# Grill Blanket?



## wkahler (Mar 15, 2008)

Where can i find one for a 2001 F-250 Super Duty Front grill? I was wanting to track one down before i forget and it is off my mind!! What i am looking for the the blanket that goes over the grill in the winter time and has a few openings you can open if need be.

Thanks in advance,
Bill


----------



## 2COR517 (Oct 23, 2008)

Do you intend to use it while plowing. I can't get enough air in when carrying the blade.


----------



## wkahler (Mar 15, 2008)

No for a few long trips we have planned over the winter.


----------



## Mark13 (Dec 3, 2006)

A local guy around here has plastic inserts that he puts in the grill of his 99+ psd. Looks much better then the blanket and he can pull certain ones out of needed to allow better airflow. And then at the end of winter or the trip he just pulls them all back out.


----------



## JaimeG (Jan 25, 2009)

I found one for you at Cabela's, it is $54.99.
Here's the link, just scroll down to the ford section.
http://www.cabelas.com/prod-1/0005914512605a.shtml


----------



## wkahler (Mar 15, 2008)

What did he use? I was trying to think of something that you could cut and then paid black, but not cardboard?!?!?!?


Mark13;787112 said:


> A local guy around here has plastic inserts that he puts in the grill of his 99+ psd. Looks much better then the blanket and he can pull certain ones out of needed to allow better airflow. And then at the end of winter or the trip he just pulls them all back out.


----------



## cretebaby (Aug 23, 2008)

Do you really think you need them?

I run one for one winter and then never messed withthem again.


----------



## veggin psd (Feb 8, 2007)

JaimeG;787117 said:


> I found one for you at Cabela's, it is $54.99.
> Here's the link, just scroll down to the ford section.
> http://www.cabelas.com/prod-1/0005914512605a.shtml


That is the one I have. One thing about front covers is that you have to watch trans temps. My trans gets warm when abouve 20F with the cover on and the vents closed.

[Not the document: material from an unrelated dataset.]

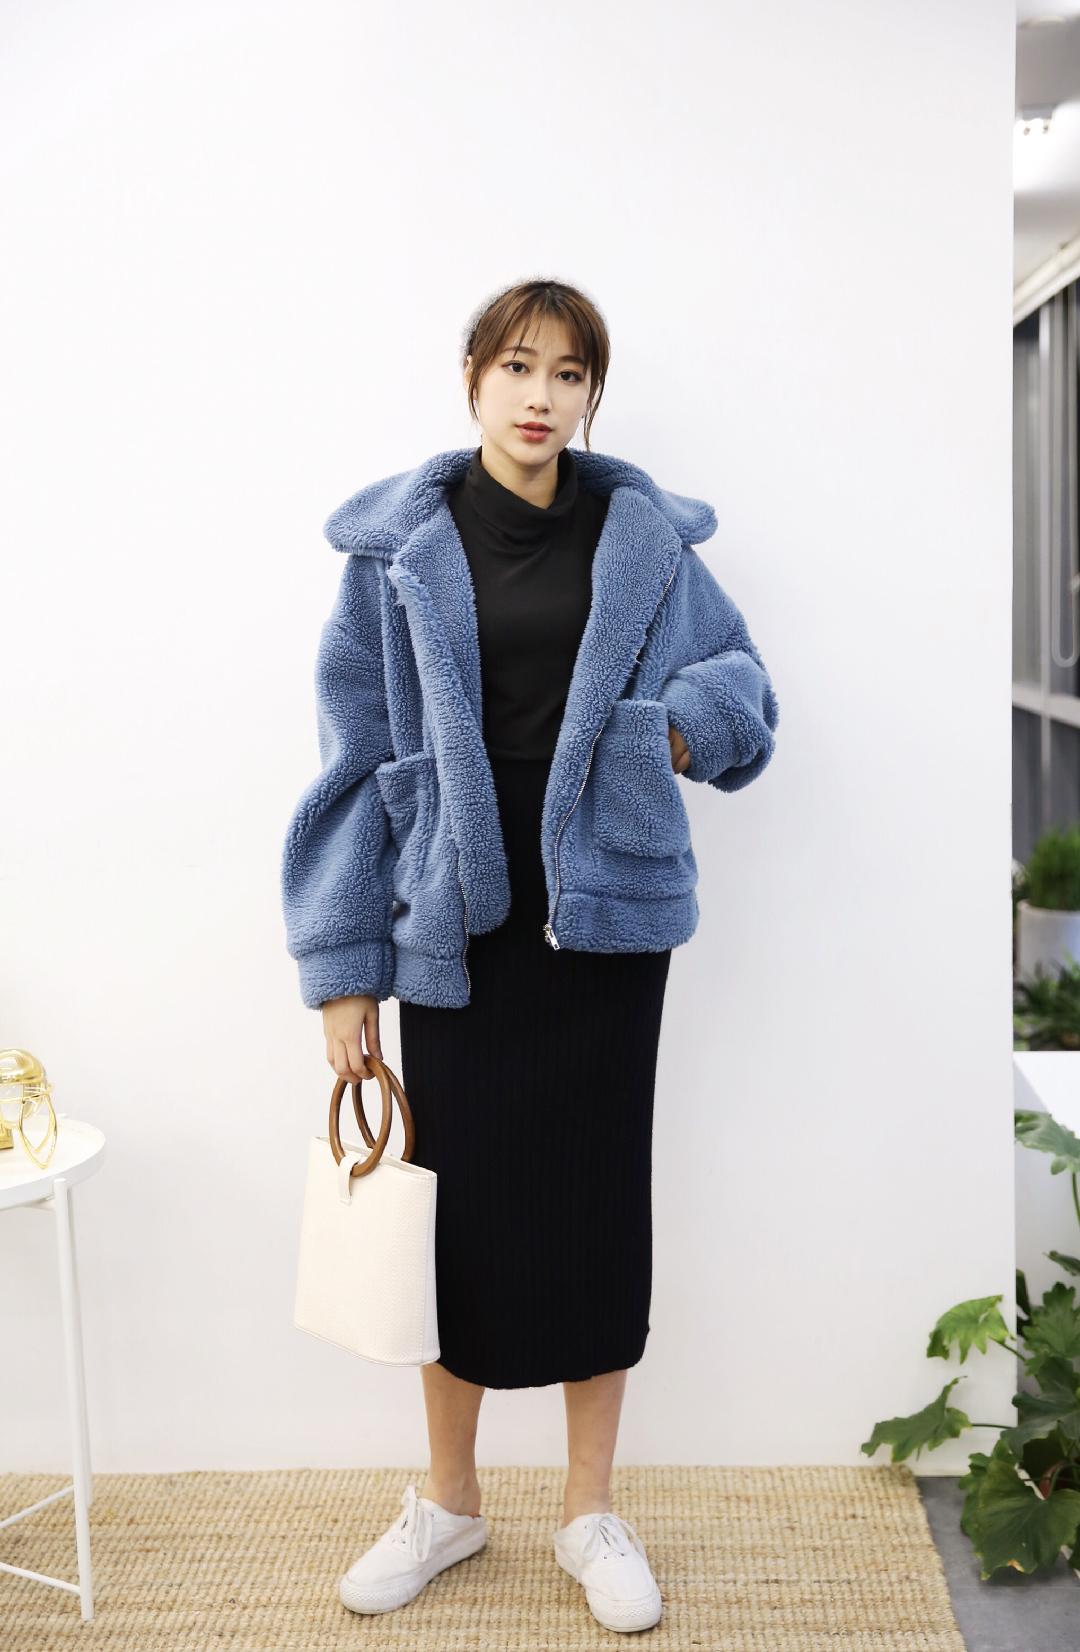 #MOGU STUDIO# 【POPO穿搭】💙💙💙黑色高领打底衫+黑色针织半裙+蓝色摇粒绒外套+小白鞋,很韩系的一套穿搭呀!而且这件外套毛绒绒的真的超级舒服超级暖和哦!

The cover blocks my trans cooler and trans fan.


----------



## Dissociative (Feb 28, 2007)

veggin psd;787772 said:


> That is the one I have. One thing about front covers is that you have to watch trans temps. My trans gets warm when abouve 20F with the cover on and the vents closed.
> 
> The cover blocks my trans cooler and trans fan.


trans fan???


----------



## Mark13 (Dec 3, 2006)

wkahler;787118 said:


> What did he use? I was trying to think of something that you could cut and then paid black, but not cardboard?!?!?!?


I'm not sure what it is, I'm thinking some plastic that's on the thin side. They look flexible and are shiney, not like that narrowed it down at all,lol.


----------



## MickiRig1 (Dec 5, 2003)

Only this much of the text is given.